**Directions**
Using the listing below, please print exactly the lines from the one with "Допомога при народженні" through the one with "кухня: фотографии интерьера, как". Leave out every picture.

**Records provided**
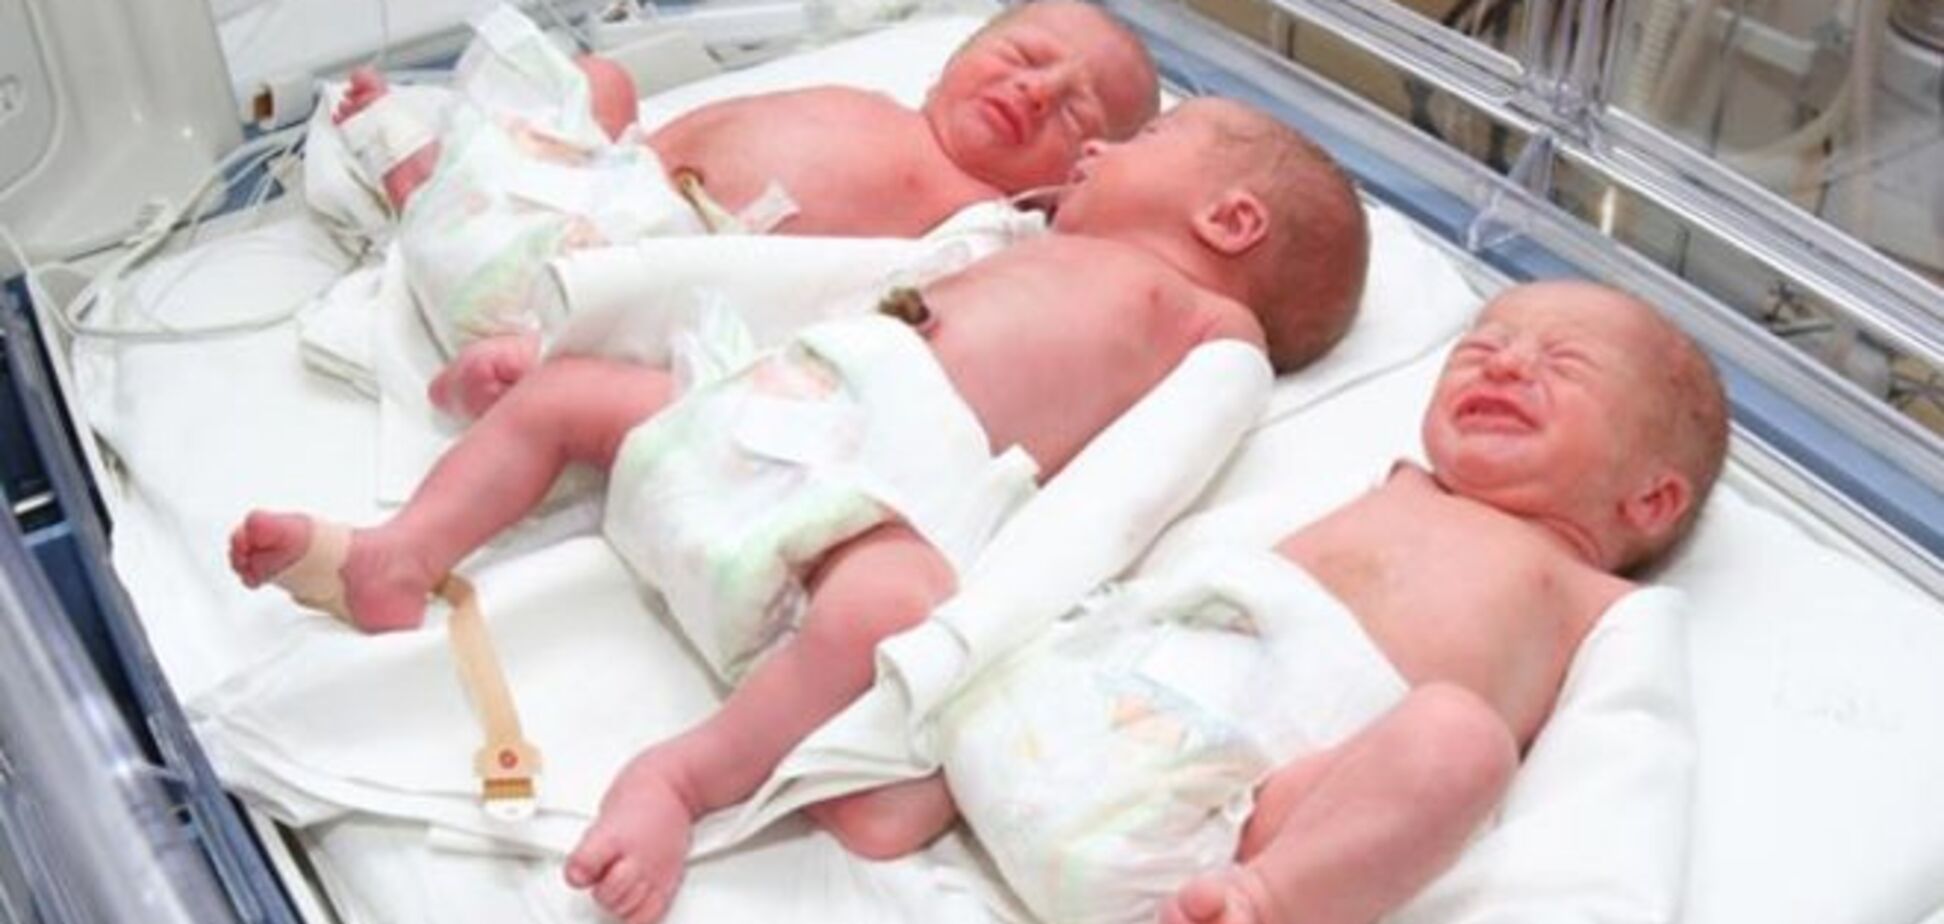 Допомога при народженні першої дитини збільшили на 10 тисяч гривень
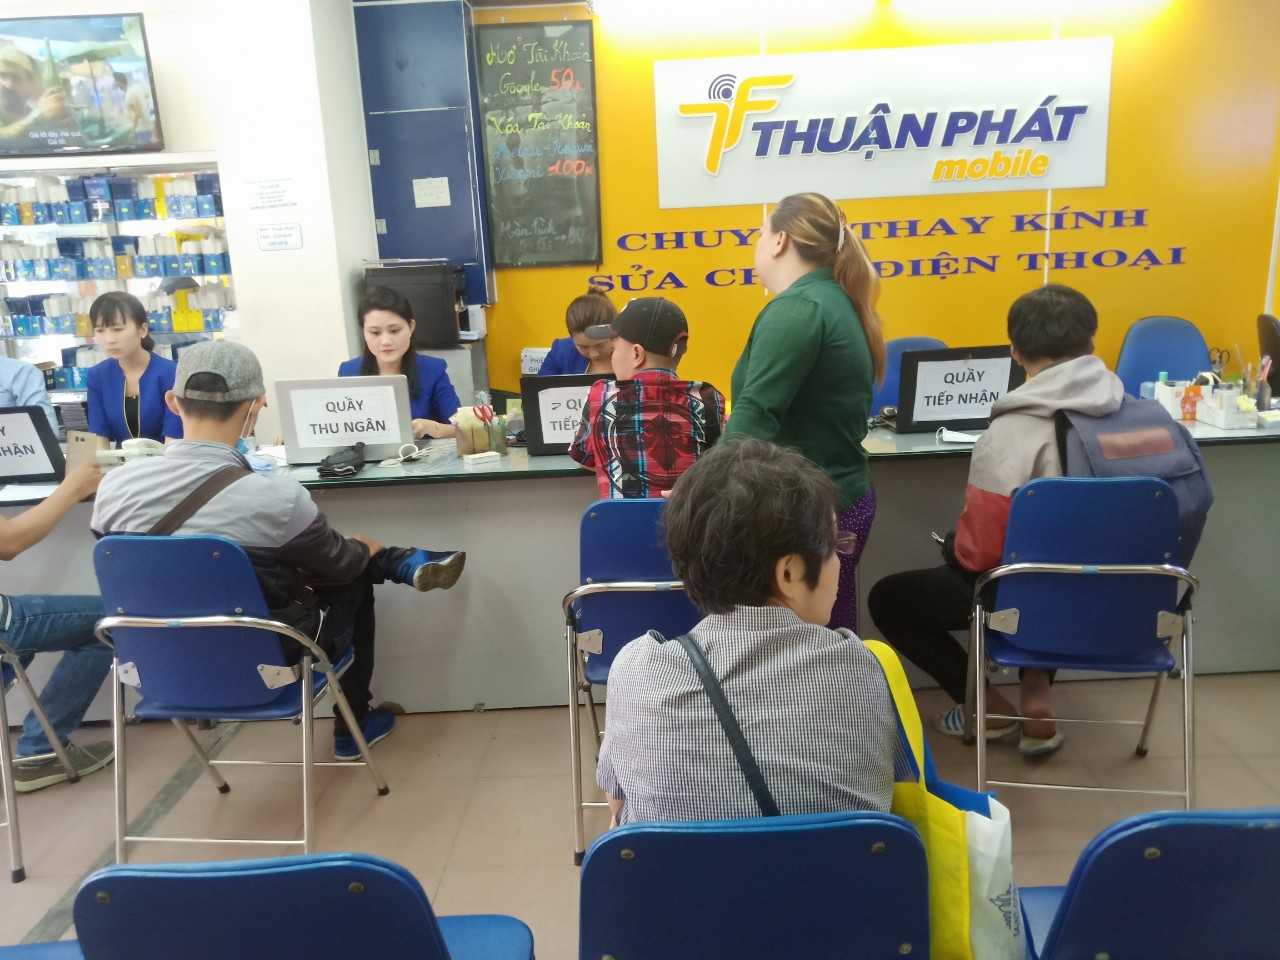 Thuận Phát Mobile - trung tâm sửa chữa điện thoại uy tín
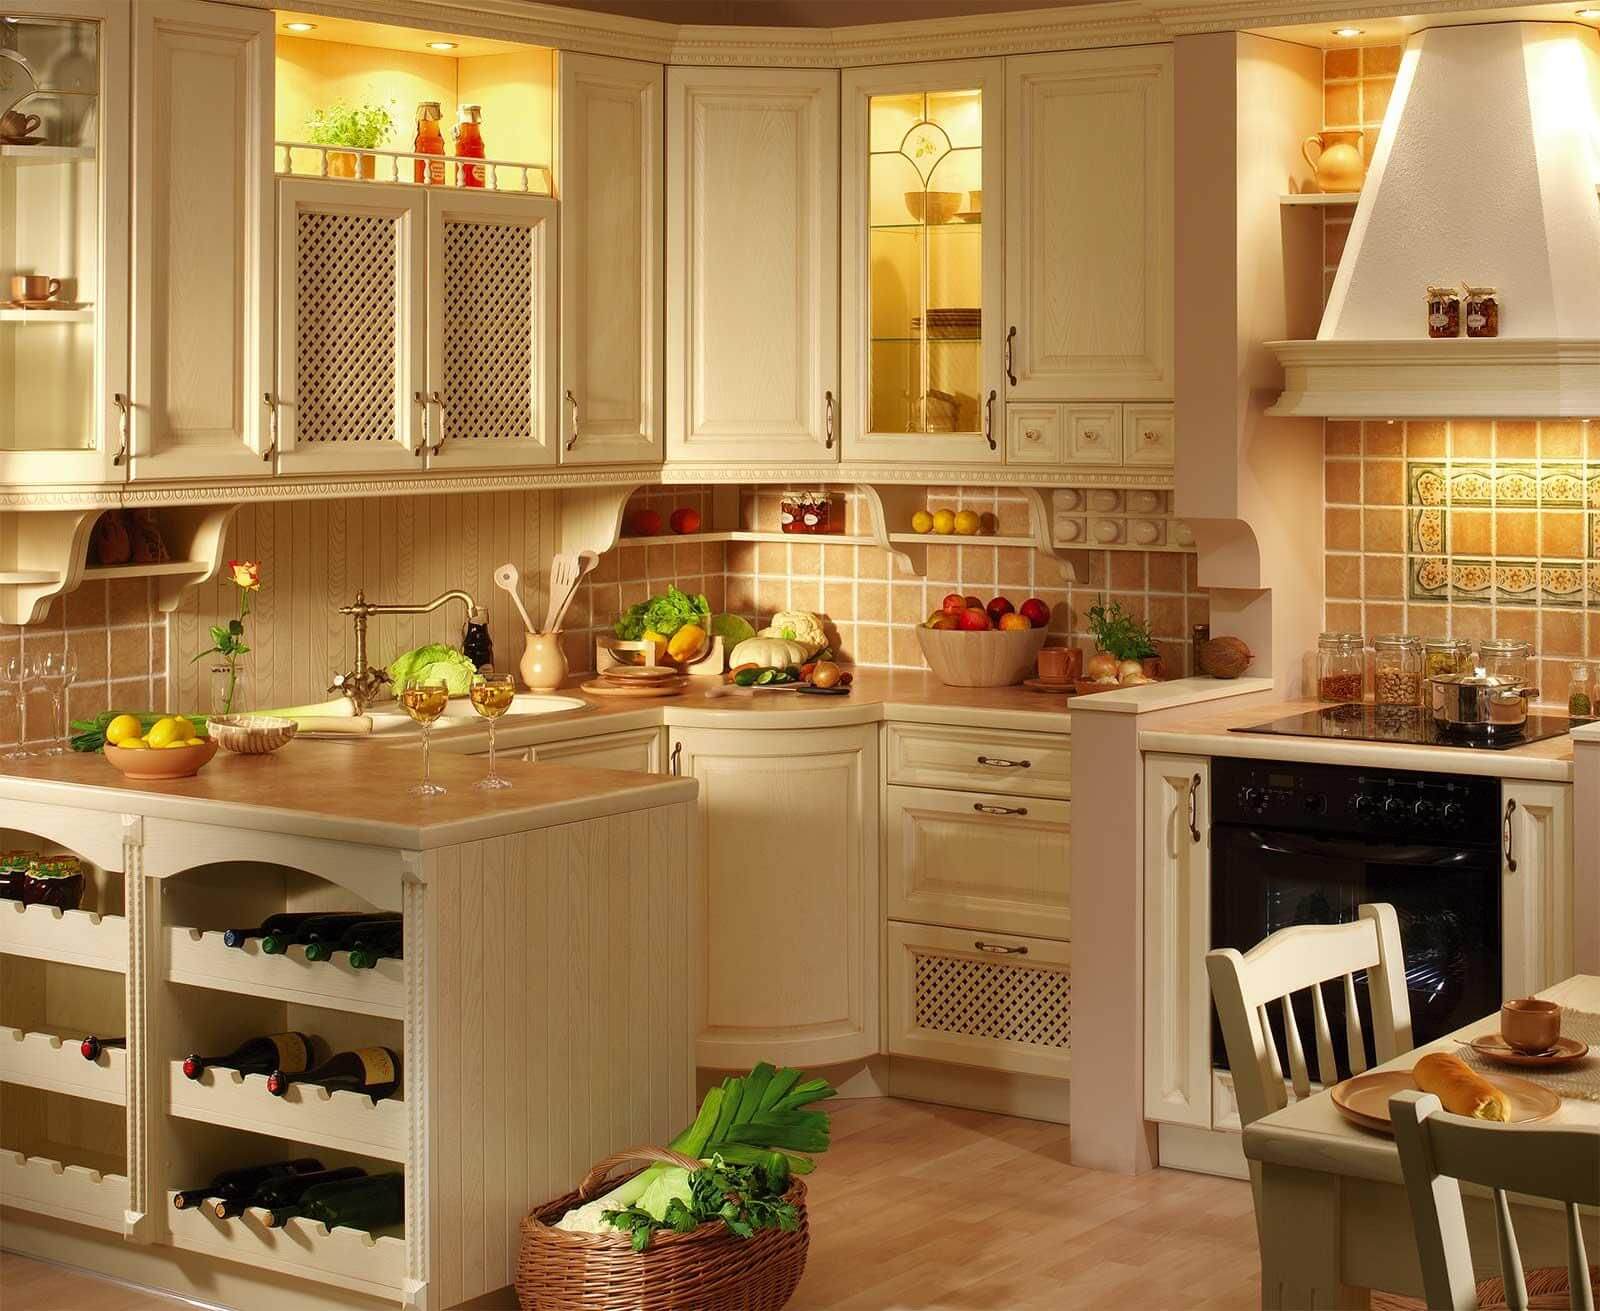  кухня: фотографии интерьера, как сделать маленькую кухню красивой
==
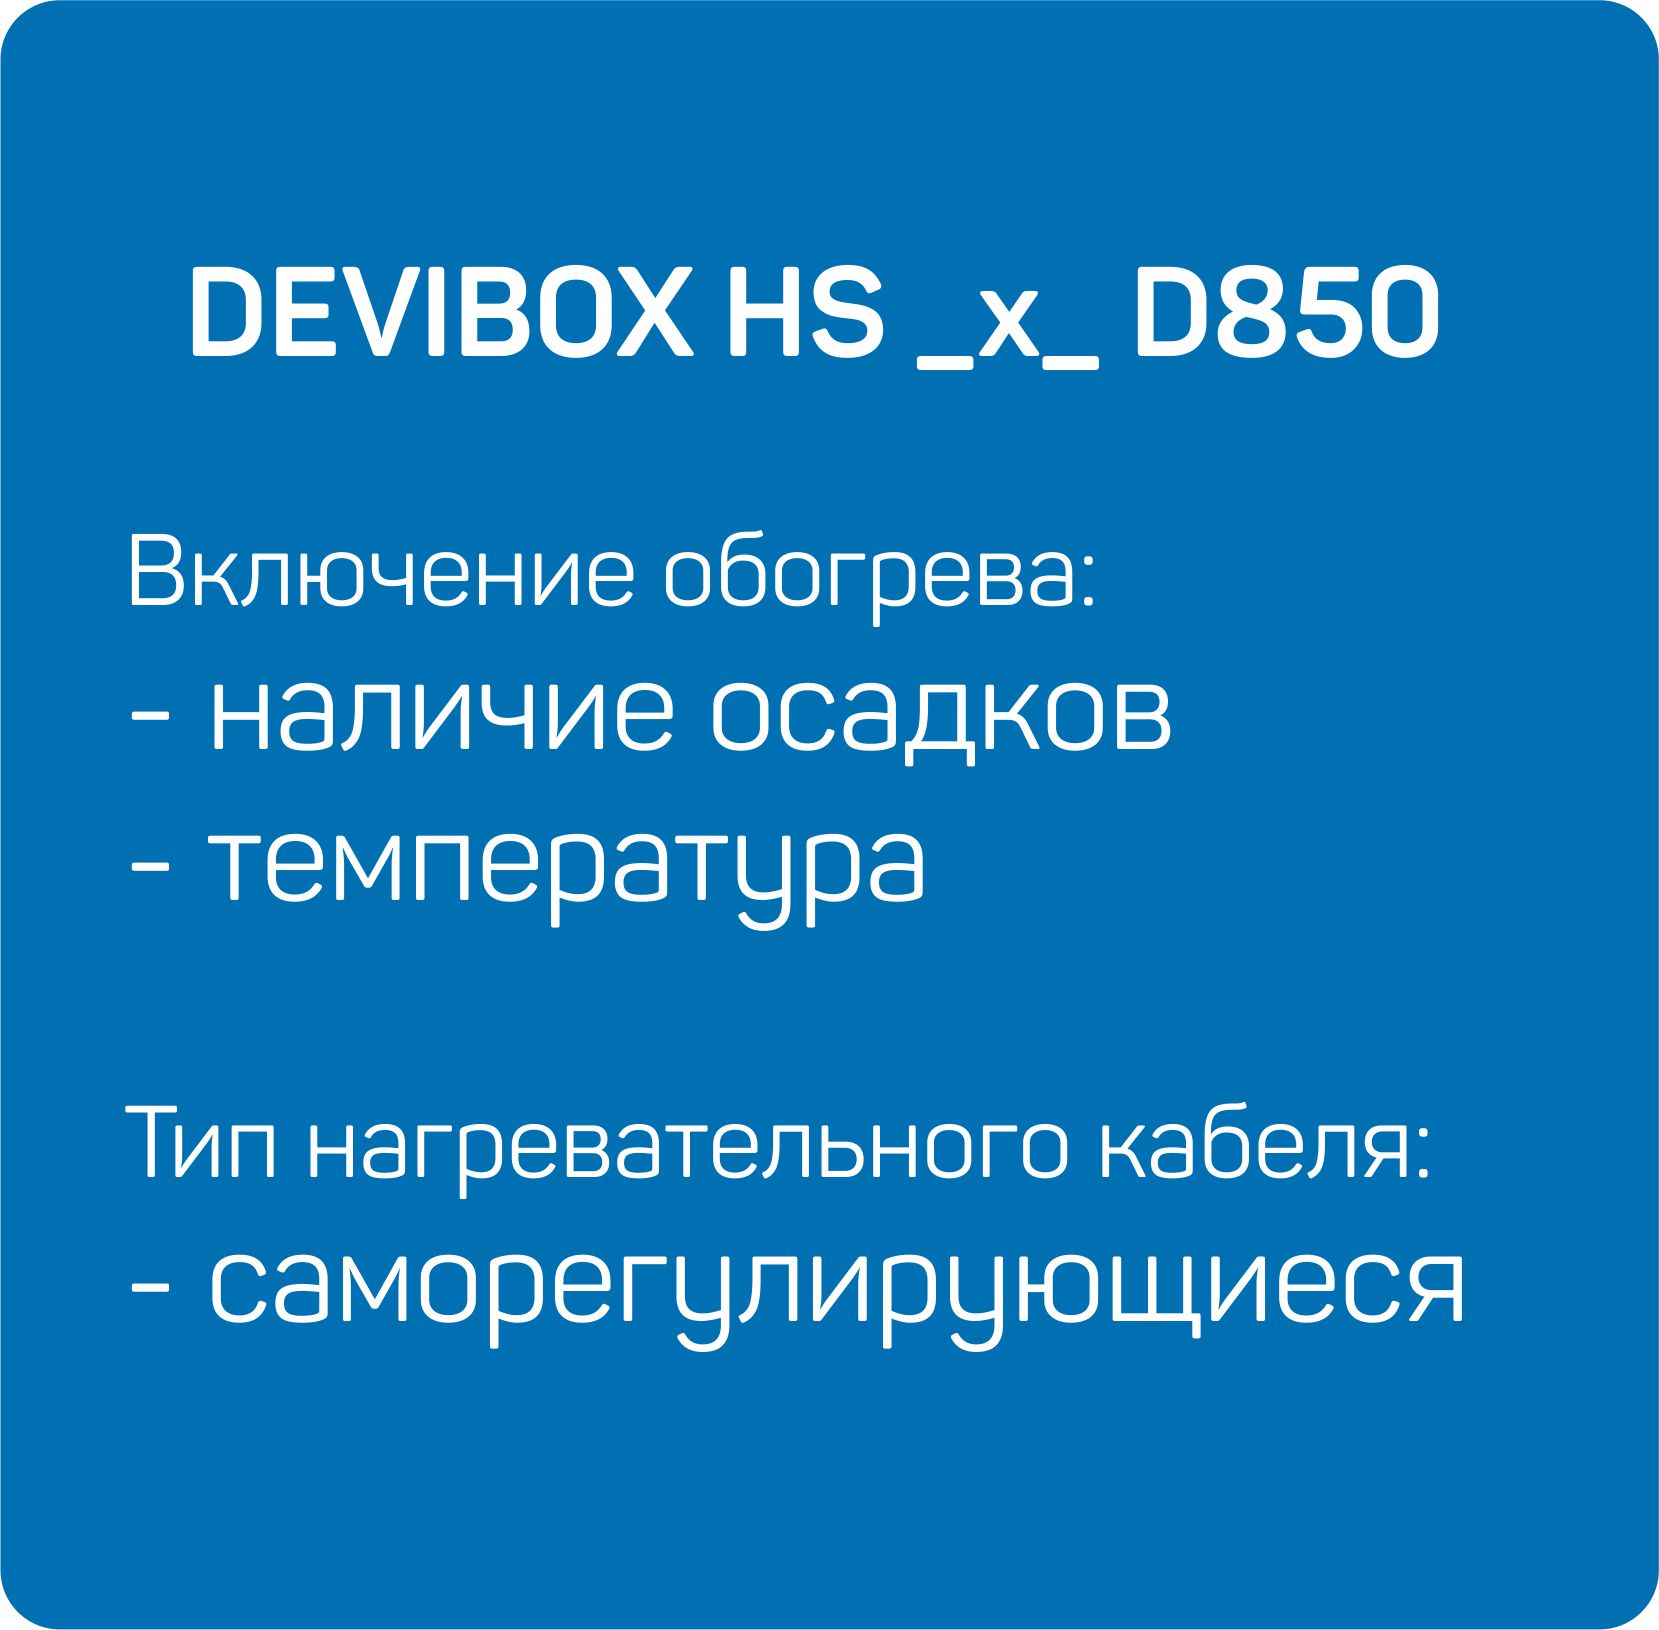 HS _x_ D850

**Problem solution**
 Допомога при народженні першої дитини збільшили на 10 тисяч гривень
 Thuận Phát Mobile - trung tâm sửa chữa điện thoại uy tín
  кухня: фотографии интерьера, как сделать маленькую кухню красивой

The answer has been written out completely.